Earlier defibrotide initiation post-diagnosis of veno-occlusive disease/sinusoidal obstruction syndrome improves Day +100 survival following haematopoietic stem cell transplantation. British Journal of Haematology
Author(s): Richardson PG, Smith AR, Triplett BM, Kernan NA, Grupp SA, Antin JH, Lehmann L, Miloslavsky M, Hume R, Hannah AL, Nejadnik B, Soiffer RJ.
Published: April 2017
Copyright: © 2017 The Authors. British Journal of Haematology published by John Wiley & Sons Ltd.
Disclaimer
This journal article reprint is being provided as a professional courtesy by Jazz Pharmaceuticals, Inc. This scientific publication contains information that may or may not be contained within the accompanying package insert. Providing this reprint should not be construed as a recommendation for use of any Jazz Pharmaceuticals product for nonapproved uses. Prior to prescribing, please refer to the accompanying Prescribing Information, which includes the approved indication and a discussion of the benefits and risks associated with our product.
The opinions expressed in this reprint do not necessarily reflect those of Jazz Pharmaceuticals. Readers are encouraged to contact the primary authors with questions regarding the content of the reprint. Jazz Pharmaceuticals does not assume responsibility for any injury and/or damage to persons or property out of or related to any use of the information contained in this reprint.
There is no transfer of value with the eAcess view of this publication and therefore no Sunshine Act reporting.
Financial Disclosure Statement
Jazz Pharmaceuticals provided funding for the defibrotide treatment IND study. Dr. Paul Richardson has received funding from Jazz Pharmaceuticals for the clinical study, has received compensation as a consultant for, and has served as a member of advisory committees for Jazz Pharmaceuticals.
Conflict-of-interest disclosure: PGR and RJS have served on advisory committees for Gentium S.r.l./Jazz Pharmaceuticals; RBD’A and JM report consultancy fees from Gentium S.r.l. during the conduct of the study; JD, NAK, PLM, PGR, TR, and GS received grants from Gentium S.r.l. during the conduct of the study; SAG and AK have served as consultants to Jazz Pharmaceuticals; SG received personal fees and grants from Gentium S.r.l. during the conduct of the study; ECG’s institution received clinical research fees from Gentium during the conduct of the study; ALH received personal fees from Gentium S.r.l. during the conduct of the study; JHA and PLM have served on advisory committees with Jazz Pharmaceuticals; RC has served as an advisor to Gentium S.r.l. and on advisory committees with Jazz Pharmaceuticals; RLH and MM are employees of Jazz Pharmaceuticals, who in the course of employment have received stock options exercisable for, and other stock awards of, ordinary shares of Jazz Pharmaceuticals plc; BN was an employee of Jazz Pharmaceuticals, who in the course of employment received stock options exercisable for, and other stock awards of, ordinary shares of Jazz Pharmaceuticals plc; and MI was an employee of Gentium S.r.l. during the conduct of the study. The remaining authors declare no competing financial interests.
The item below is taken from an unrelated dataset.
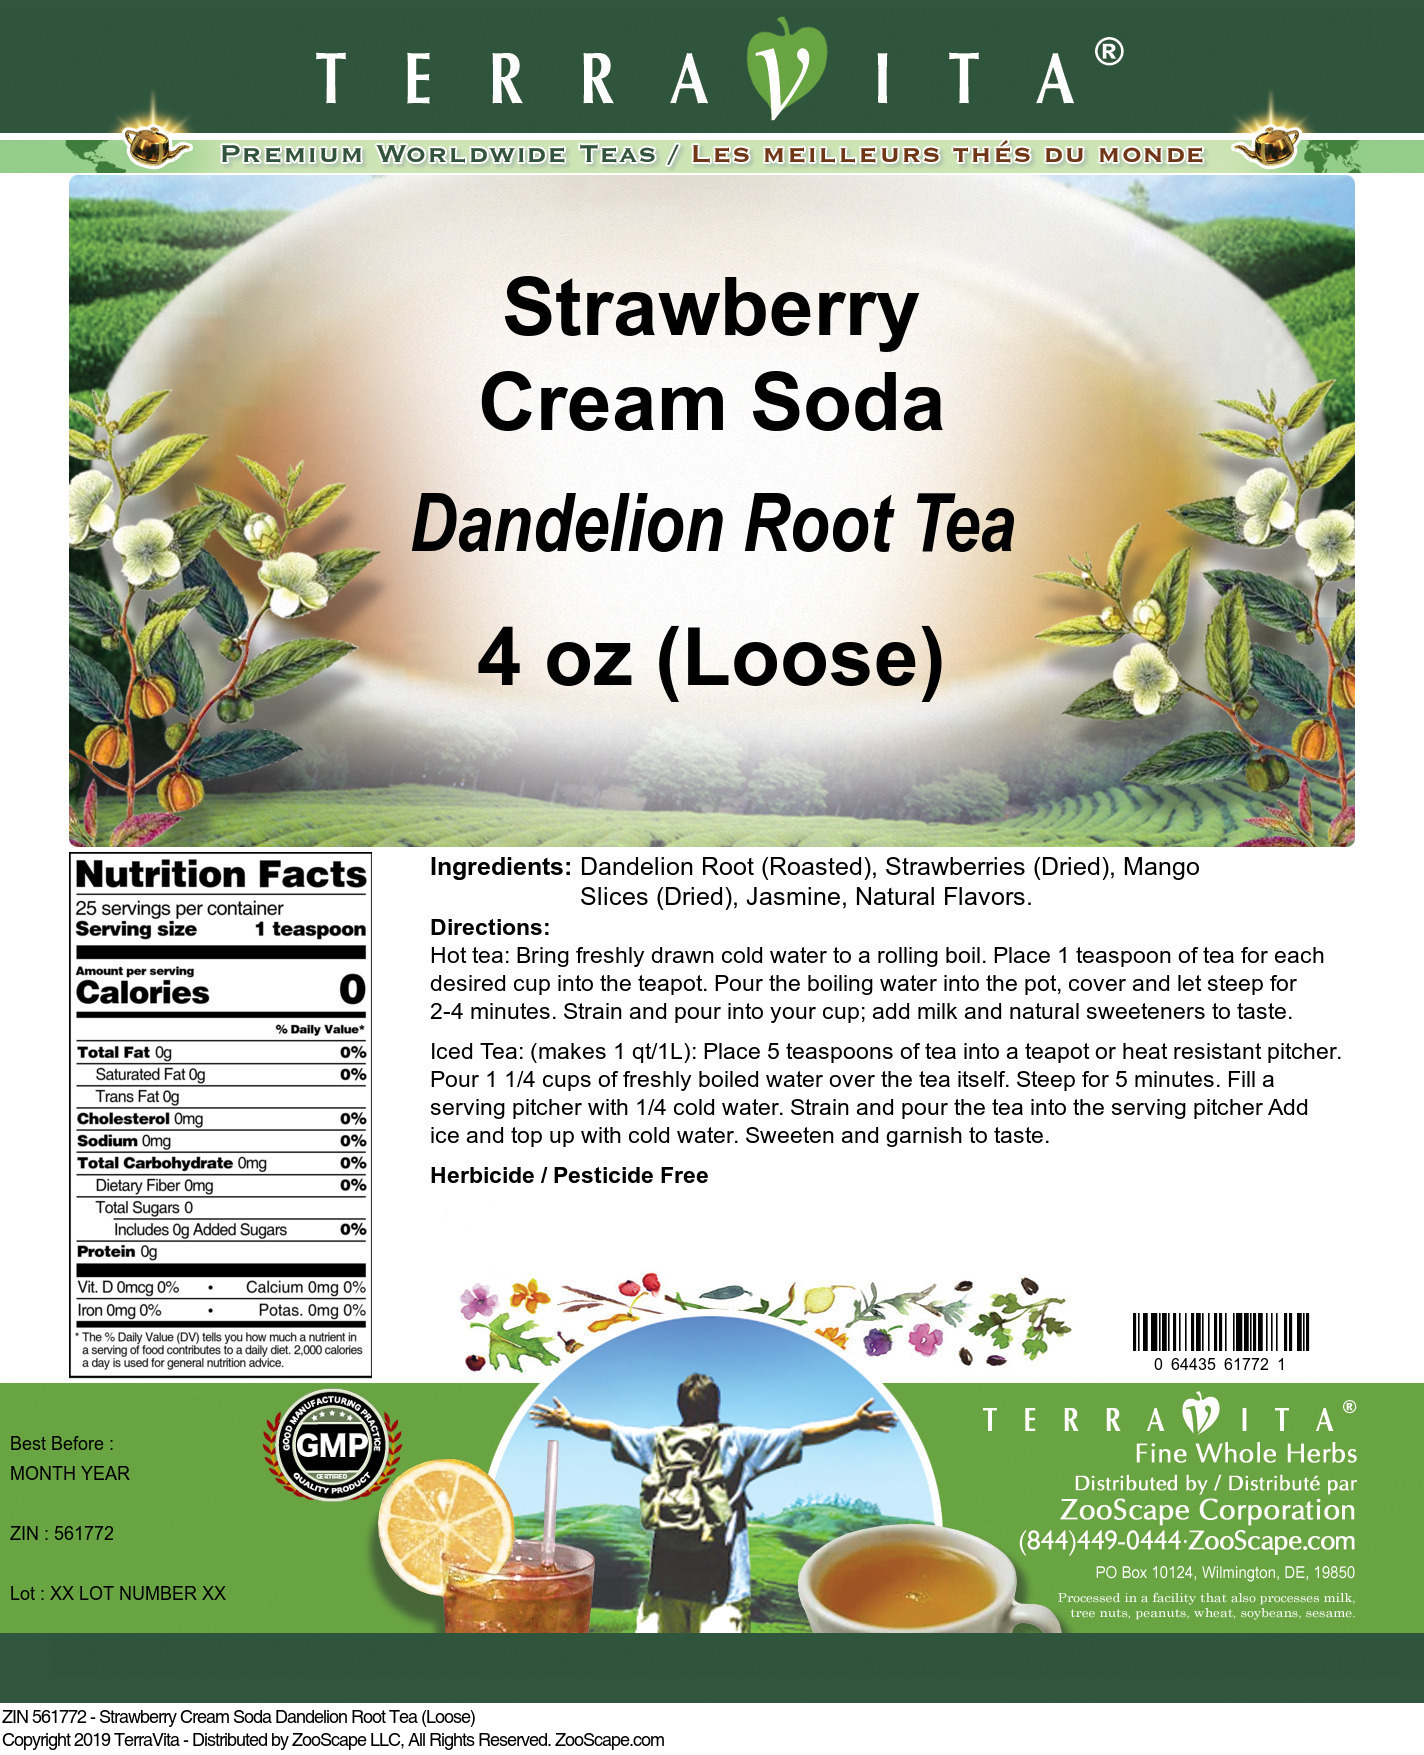 Strawberry Cream Soda Dandelion Root Tea (Loose) - Label

Detailed information on funding amounts received by the authors of this publication is available at http://www.cms.gov/openpayments.
INDICATION
Defitelio® (defibrotide sodium) is indicated for the treatment of adult and pediatric patients with hepatic veno-occlusive disease (VOD), also known as sinusoidal obstruction syndrome (SOS), with renal or pulmonary dysfunction following hematopoietic stem-cell transplantation (HSCT).
IMPORTANT SAFETY INFORMATION
Contraindications
Defitelio is contraindicated in the following conditions:
- Concomitant administration with systemic anticoagulant or fibrinolytic therapy
- Known hypersensitivity to Defitelio or to any of its excipients
Warnings and Precautions
Hemorrhage
Defitelio may increase the risk of bleeding in patients with VOD after HSCT. Do not initiate Defitelio in patients with active bleeding. Monitor patients on Defitelio for signs of bleeding. If bleeding occurs, withhold or discontinue Defitelio.
Concomitant systemic anticoagulant or fibrinolytic therapy may increase the risk of bleeding and should be discontinued prior to Defitelio treatment. Consider delaying Defitelio administration until the effects of the anticoagulant have abated.
Hypersensitivity Reactions
Hypersensitivity reactions including rash, urticaria, and angioedema have occurred in less than 2% of patients treated with Defitelio. One case of an anaphylactic reaction was reported in a patient who had previously received Defitelio. Monitor patients for hypersensitivity reactions, especially if there is a history of previous exposure. If a severe hypersensitivity reaction occurs, discontinue Defitelio, treat according to the standard of care, and monitor until symptoms resolve.
Most Common Adverse Reactions
The most common adverse reactions (incidence ≥10% and independent of causality) with Defitelio treatment were hypotension, diarrhea, vomiting, nausea, and epistaxis.